Он снова сидел в их хате, за старым столом, о который Лиза ударялась лбом еще тогда, когда делала первые шаги.
Глеб слушал Григорьича, сидя под фотографией Лизы, где ей исполнилось восемнадцать. Там она была еще беззаботной девочкой, но улыбка, хитрая и лукавая, с чертовщинкой, уже о многом говорила.
Глеб пил спирт, разведенный с водой, поднимал голову на Лизу и, бледнея, сжимал стопку.
Нина Васильевна наконец раскудахталась на Григорьича, помянувшего безразличную родню:
– От расти их, этих шалашовок! Плевать они хотели на сельское хозяйство! Мало я им ухи драл! Все только о своем! О себе, родимых! Нет, если бы советское воспитание, я бы их! – гремел Григорьич.
– Ну, пошло-поехало! Хоть зятя постыдись, – улыбчиво, но с язвой вставляла Нина Васильевна. – Стыдоба, напился! Кто тебя тянул-то сюда? Сам хотел в деревне жить, хозяйство разводить. Вот и живи!
– Молчи, женщина! А то я оховячу тебя дрыном!*
– Да я сама сейчас тебя… Ишь!
– Пусть побуянит… Это благородный гнев… – попытался сформулировать Глеб.
– И мы туда же! Борис и Глеб! Я знала, что вы-то точно общий язык найдете. Свой! Полный.
Глеб встал.
Он был уже совершенно пьян и едва стоял на ногах.
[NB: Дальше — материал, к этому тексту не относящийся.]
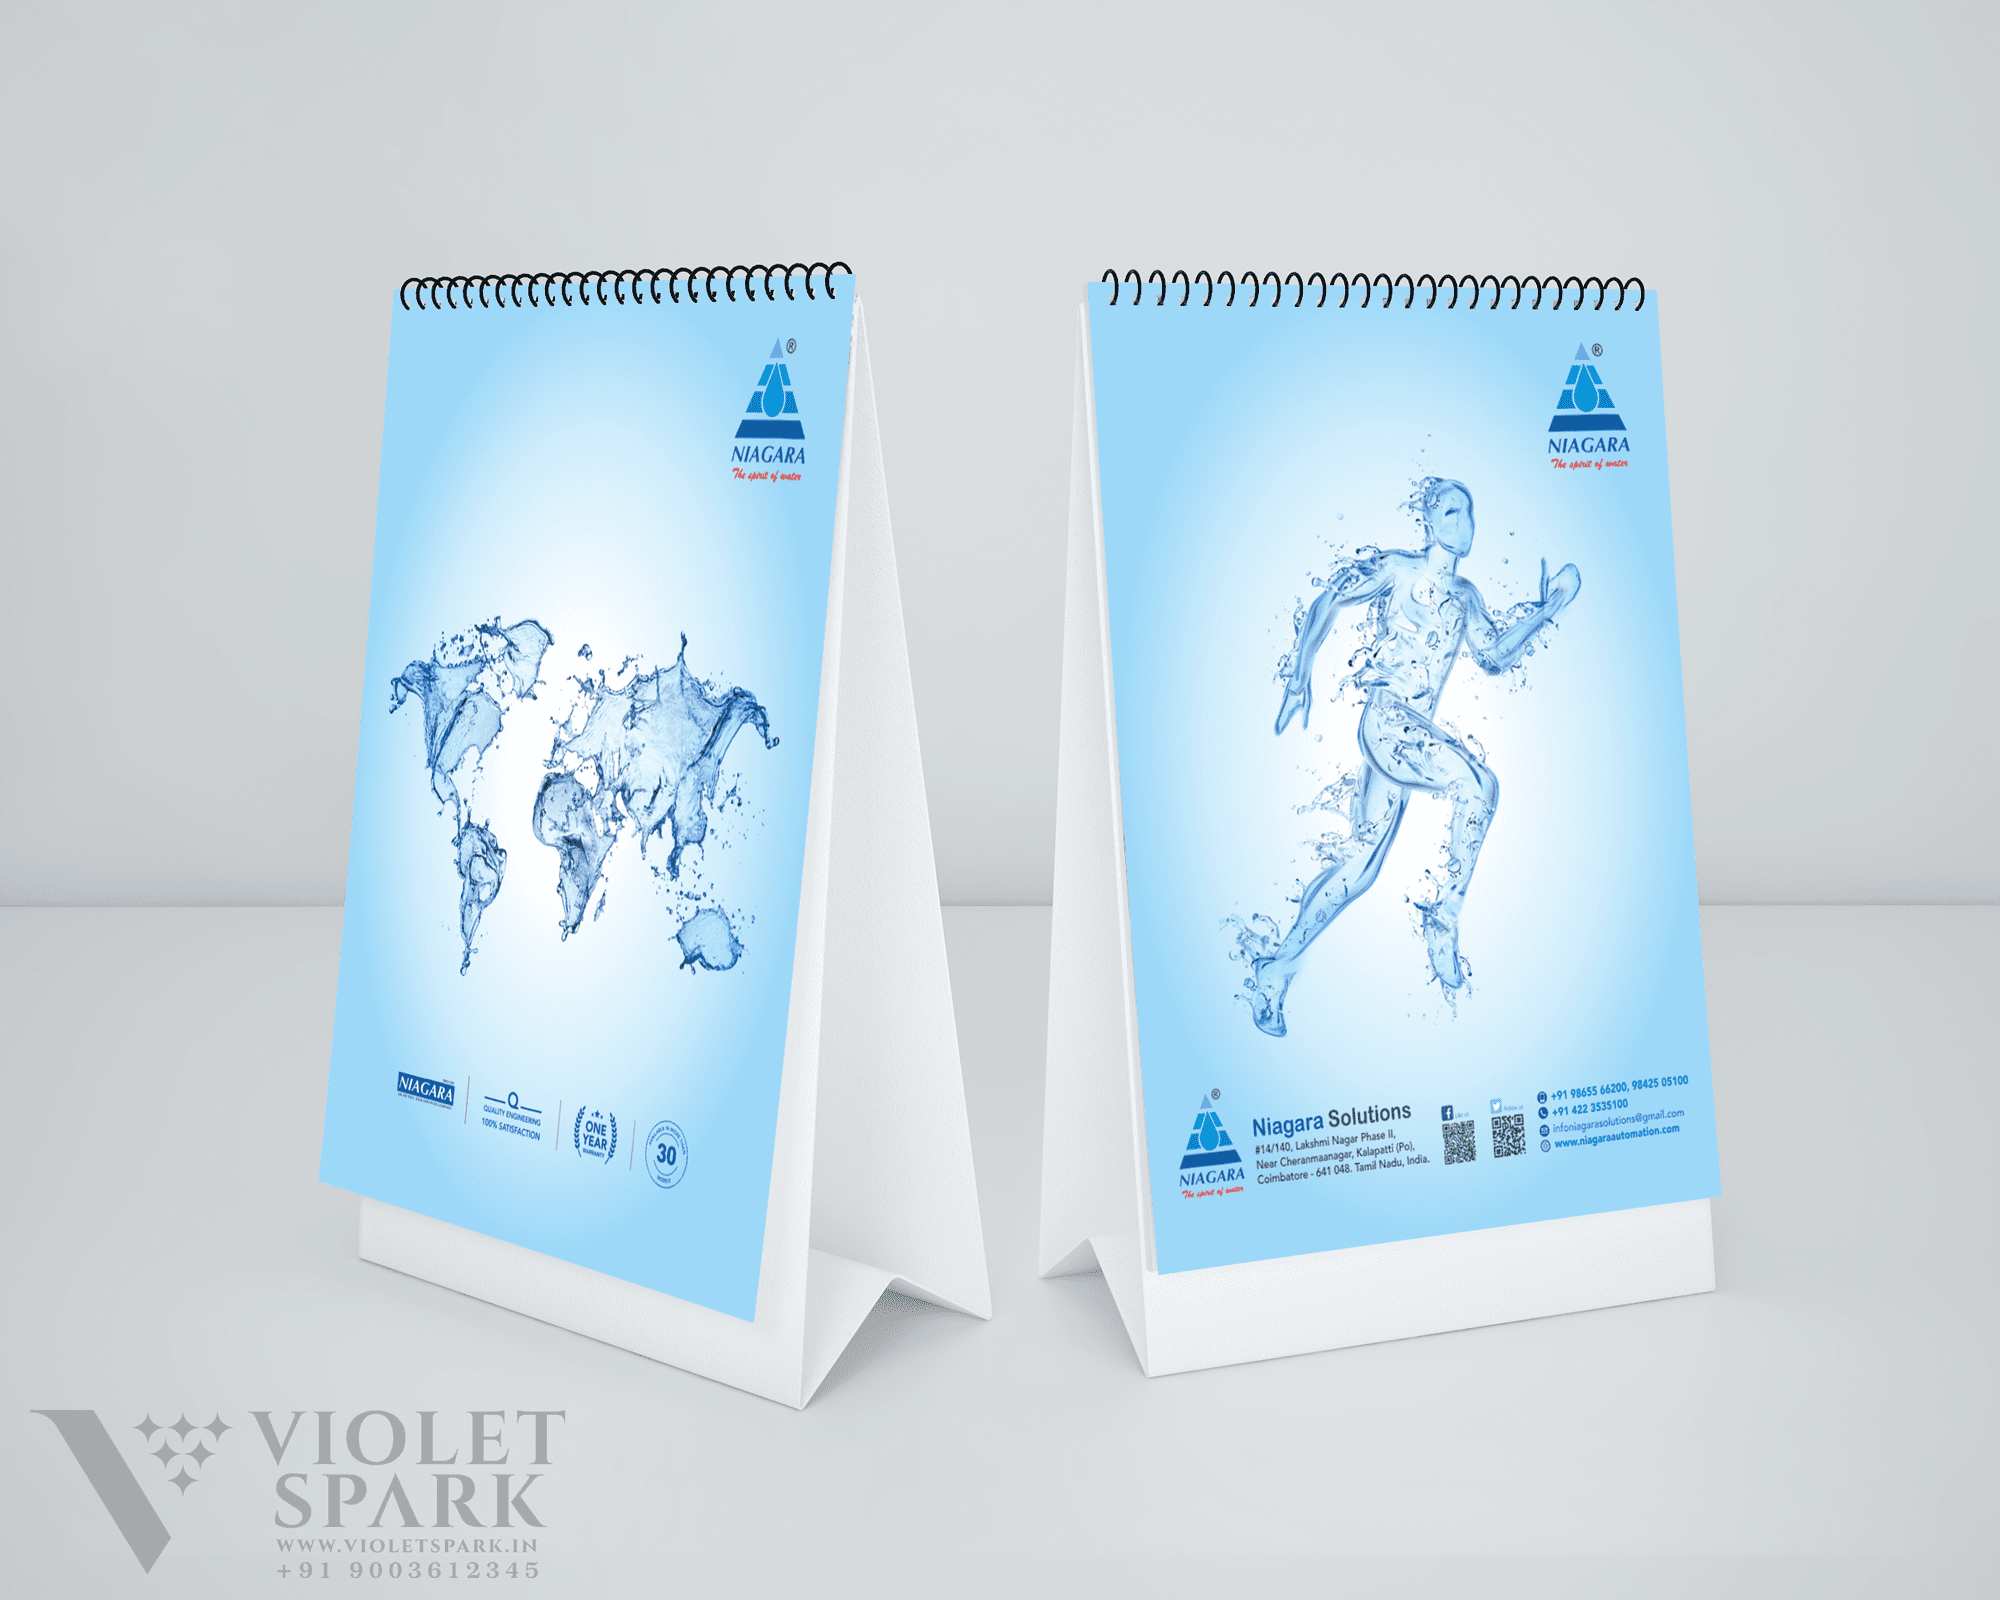 Niagara Solutions Calendar Graphic Design, Branding Packaging Design in Chennai by Creative Prints thecreativeprints

– Нина Васильевна, – начал он заплетающимся языком. – Можно я возьму вот эту Елизаветину фотку? А то я скучаю немного.
Нина Васильевна и Григорьич молча смотрели на него. Наконец Григорьич взял бутылку и противно, с издевкой, рассмеявшись, налил себе:
– М-да… м-да… А я ведь так и знал… Знал, что ты кое-что имеешь… в голове…
Григорьич крутил стопку пальцами. Нина Васильевна чуть улыбалась, торжественно, как Цезарь, едущий в праздничной процессии… Было в ее улыбке какое-то скрытое покровительственное тщеславие.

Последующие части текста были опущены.